In this scenario, we will look for suspicious orders. Specifically, we will be looking for a particular pattern of behavior where large orders have been placed, followed by a smaller order, but the large order was at some point cancelled.

This pattern would suggest an attempt to manipulate prices, since the presence of the large order might result in a subsequent reduction in prices, which the smaller order can take advantage of.

To find this pattern, we will use the “join” capability to compare a stream of “orders” with a stream of “cancellations”.

1.1 Discover the topic to use

  1. Login to the EEM home page as eem-user we will need to get info on another topic for this lab.

  2. Go to the Event Endpoint Management catalog home page and find the Cancellations topic.

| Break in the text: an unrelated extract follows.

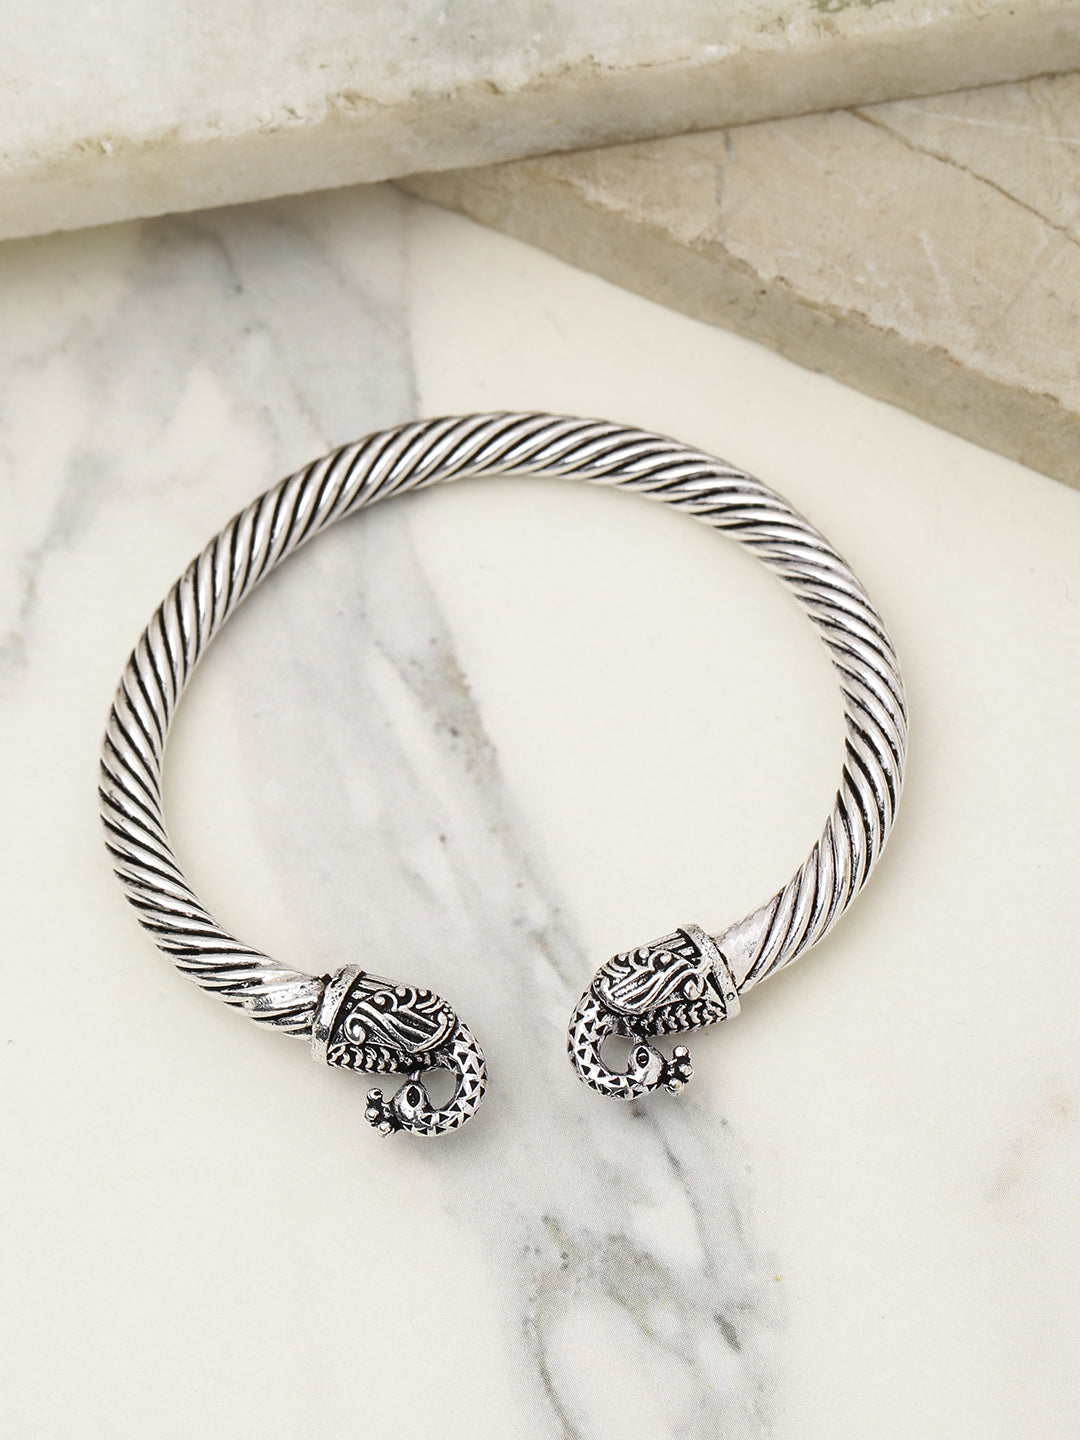 Oxidised Silver Peacock Inspired Twisted Rope Design Kada Bracelet
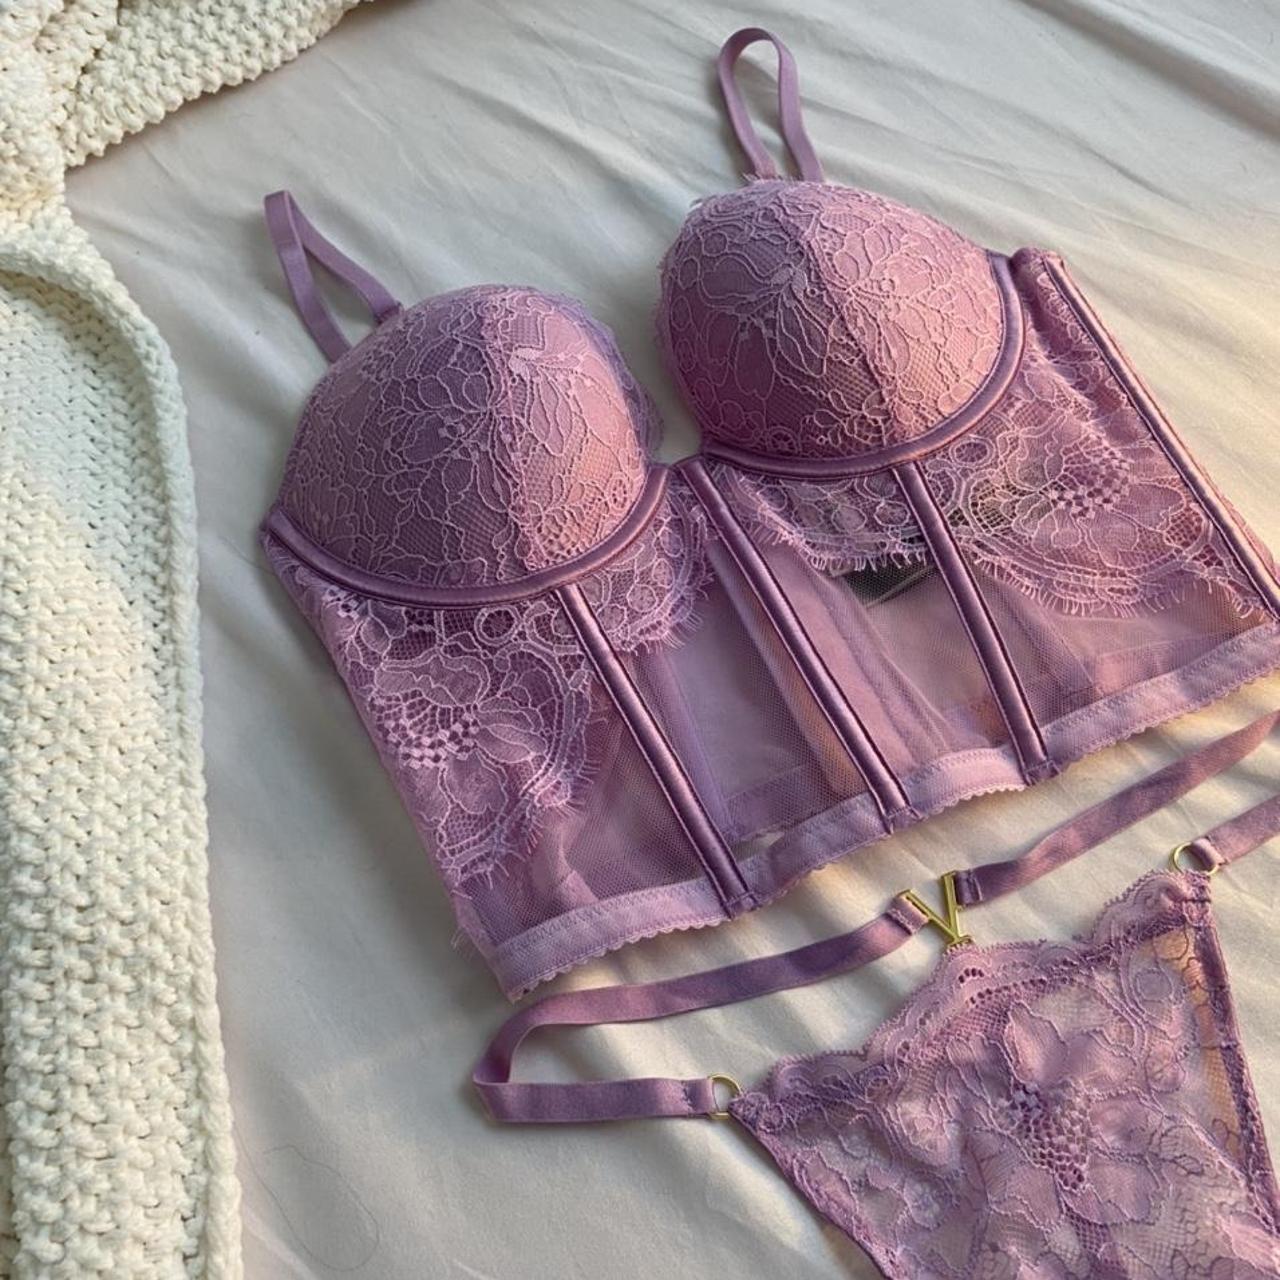 beautiful vs lingerie set 🌸💜💜, never worn/ size 32C

    You will notice that as a user you will only have access to the Catolog page and Subscription page.

    We already have the ORDERS.NEW details we needed.

    Now click on the CANCELLATIONS topic to review the information about the event that are available here.

  3. We will now generate access to this topic. We have only the one Controls that was created for this Topic.

    If you scroll down on the page you will see the Servers available that will be used in the Event Processing and also Code samples.

  4. Click on the Cancelled orders Control topic and select the Generate access credentials in the upper right.

  5. Here you will be asked for contact info. Enter something like a email or just your userid

    For example student1@mail.com

    Click on Generate.

  6. You will now see your Access Credentials. You will need to save these for later. On the Desktop if you open the EEM-info file that is a scratch pad to save credentials and other info for the labs.

    Save the Username and Password under Cancelled in the file.

1.1 Create new flow to join two streams

  1. We will now create a new flow and name it as suspicious-orders

    Ex: EP-student1-suspicious-orders

  2. You will know be on the canvas. You will have a event source node on the canvas. To configure the event source node hover over the node and select the pen icon.

  3. Configure the new event source. Make sure to use the Add event source. You may see others that were recently created.

  4. Give the node a name that describes this stream of events and include your userid for ex:

    Order source student1

    We need to get the server address from Event Endpoint Management or if you saved it in the EEM-info note.

  5. Now accept the certificates and click Next

  6. Now we will add the username and password that you saved from the Event Endpoint Management.

    Click Next

  7. Now select the topic. You should only see the ORDERS.NEW topic and click on Next

  8. Now we will add a Sample message for this topic

  9. Select the JSON tab and cut and paste the following in and click Done

     {
      "id": "414a5b7d-1eda-465d-a252-45f97d780132",
      "customer": "Ms. Alfredo Walker",
      "customerid": "fe9aed20-e873-4a40-b80a-3ef21d18e7d8",
      "description": "M Blue Bootcut Jeans",
      "price": 41.52,
      "quantity": 7,
      "region": "SA",
      "ordertime": "2023-05-21 14:31:24.943"
     }
    

  10. Before configuring scroll to the bottom and turn off the save switch

Add filter node

  1. Create a filter node by dragging one onto the canvas. You can find this in the Processors section of the left panel.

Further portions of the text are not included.